L’historienne du cinéma Györgyi Vajdovich analyse le film du point de vue de l’adaptation au cinéma du grotesque qui caractérise la prose d’Örkény, étant donné que celui-ci est surtout un grotesque langagier, qu’on ne peut guère rendre dans un film. Fábri réussit à suppléer au grotesque langagier par des procédés cinématographiques. C’est à cela que servent de nombreuses scènes, par exemple celle où le major se comporte dans les rues du village comme au front, ou celle où il tire des feux de pistolet dans la maison. Le jeu des acteurs est également un procédé du grotesque. Ágika, par exemple, est grotesque par sa façon de réagir à tout avec les gestes d’une fillette de 6 à 8 ans. Le major est un personnage contradictoire jusqu’au grotesque, apparaissant tantôt comme un représentant du pouvoir, tantôt comme un maniaque proche de la folie, tantôt comme quelqu’un qui accepte avec humilité la serviabilité de ses hôtes. Il tombe si imprévisiblement d’une extrême à l’autre, que la soumission de la famille peut être interprétée comme une acceptation de l’absurdité du monde. L’absurdité de toute la situation découle aussi de ce que les volontés du major ne peuvent même pas être satisfaites à cause de leur imprévisibilité. Le grotesque apparaît aussi par la présentation de l’espace, par exemple de l’intérieur peint en des couleurs criardes par le major, ou par la multiplication des boîtes jusqu’à former un labyrinthe dans la cour. Les éléments destinés à déstabiliser le spectateur se multiplient de plus en plus vers la fin du film, ce qui exprime l’accentuation de l’absurdité du monde[6].
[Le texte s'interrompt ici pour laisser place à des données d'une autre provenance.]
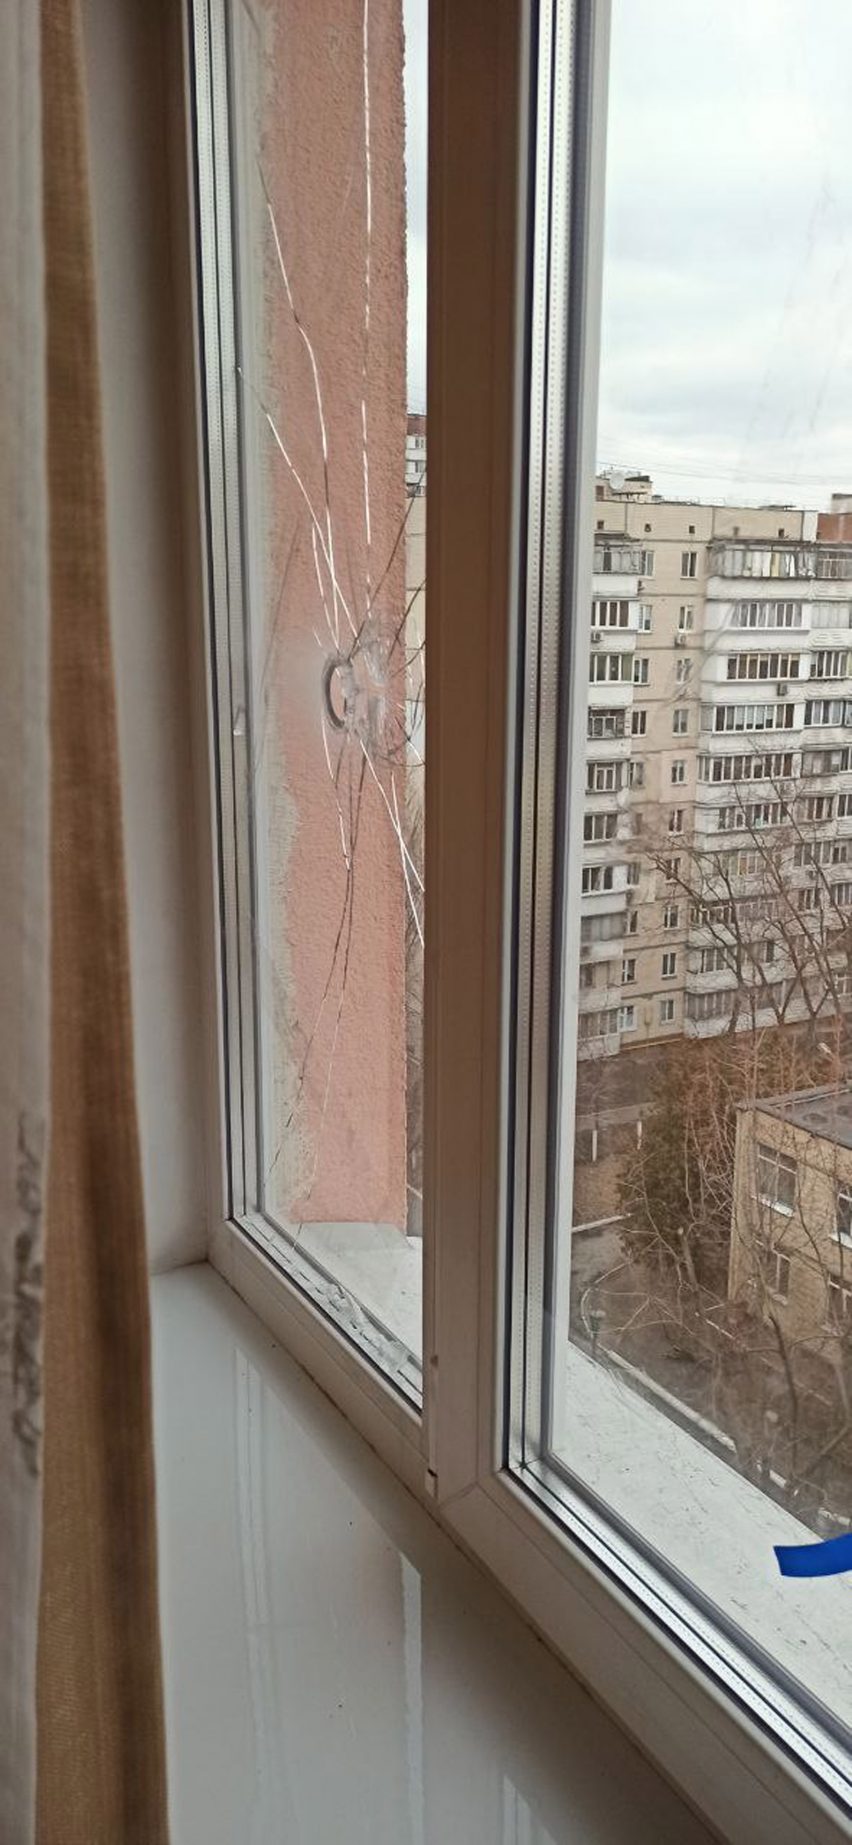 Bullet hole in a window in Ukraine

Attila Kriston remarque que le film présente au moins trois niveaux de sens. L’un se réfère à l’effet destructif de la guerre, indirectement présente, seulement par la personnalité déformée du major. Un autre signale l’abîme social entre le major et les Tót. Le premier représente les classes sociales élevées, l’autre – la petite bourgeoisie. Le troisième niveau de sens a en vue la question du pouvoir. La situation de base est celle de la confrontation entre un dirigeant conforme aux normes d’une petite communauté, modèle de celle-ci, et un dirigeant appartenant au pouvoir étatique, modèle « de principe ». L’humiliation du premier est tout aussi extrême que l’exercice du pouvoir par le second[7].
↑En France, le film est diffusé ayant le titre avec le nom sans accent (LA FAMILLE TOT, ALLOCINÉ). En hongrois, le nom s’écrit « Tót », variante utilisée dans la suite de cet article.
↑Section d’après le contenu d’image et textuel du film.